Not my role

December 23, 2018

I can't be a teacher to her; that's not my role, I'm her father.

That was my Chinese teacher Dennis's response when one of us asked whether he'd taught his daugher Chinese. He's a great teacher, so when we learned she didn't grow up speaking Mandarin, it was only natural we'd be curious. Especially because she's about our age, though we'd never met her 😊

Dennis's response didn't make sense at first but now it does. I used to think it would be great to work with my wife, or start a business with friends. But these days, especially because I now believe most companies need a single CEO whose decisions are final, and because the last thing I want to do when I come home is fight about business with the person I love most—I don't want those things. They should be separate, like meat and dairy. Come to think of it, that's not all the Jews got right—money is indeed dirty—something you wash your hands after handling and wipe on the doormat, not bring into the house.

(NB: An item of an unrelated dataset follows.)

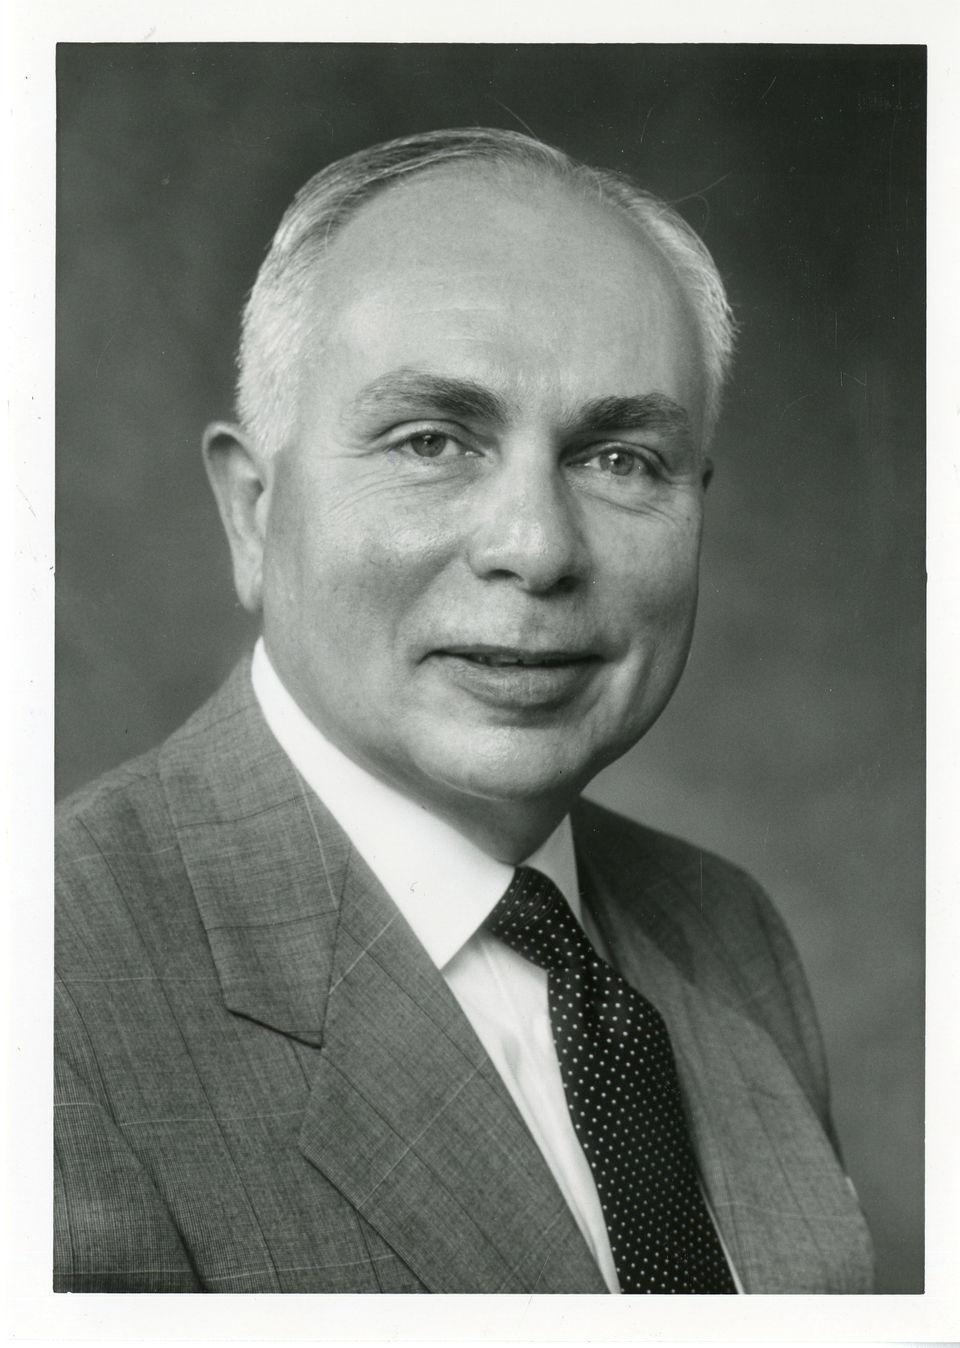 Ted Sande, photo copyright by Herbert Ascherman, Jr.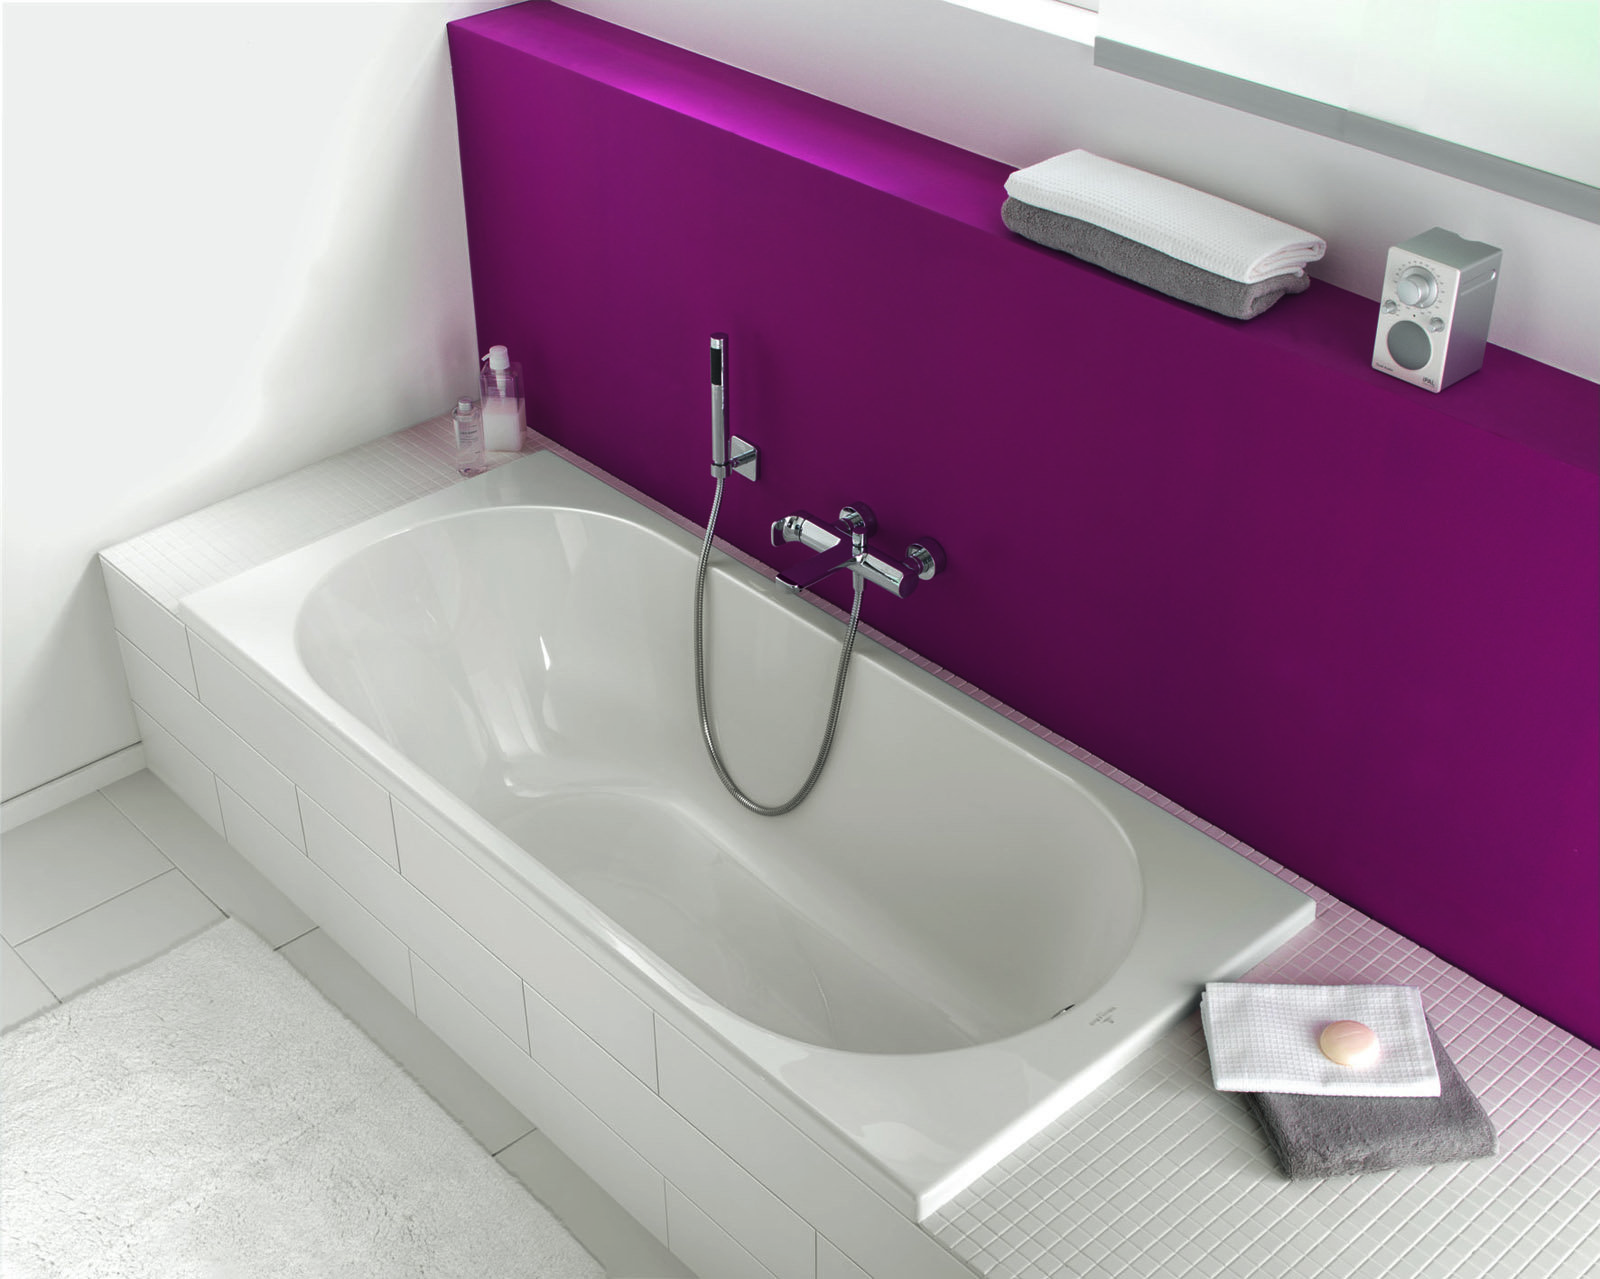 Vasche da bagno low cost a partire da 182 euro cose di casa - Vasche da bagno piccole dimensioni ...

And yet, this idea of role confusion comes up all the time. I watched Always be my Maybe last night, and a central plot point in that movie was the confusion between a business associate, and a marital partner. Marriages should never be foremost about money and fame. Dennis probably finds that obvious.

How I see it:

  • Friends are people you spend time with because you like. The best friendships are based on equality, trust, and sharing. Families are similar; little socialist units based on sharing and equality.
  • Business associates band together for profit and (hopefully) mutual advantage. I don't haggle with my family over who's taking what percent of the restaurant bill, but then, I don't transact tens of thousands of dollars with them, or play office politics, either.
  • Marriages are based on intimacy, support, and partnership. Maybe a little bit of competition, and a little bit of "business", but never as the main thing.
  • Expert/beginner is another: doctor/patient, teacher/student, trainer/client. Caroline often says going to IKEA is the ultimate test of a marriage; maybe that's because nobody's sure who's the expert and who's the beginner?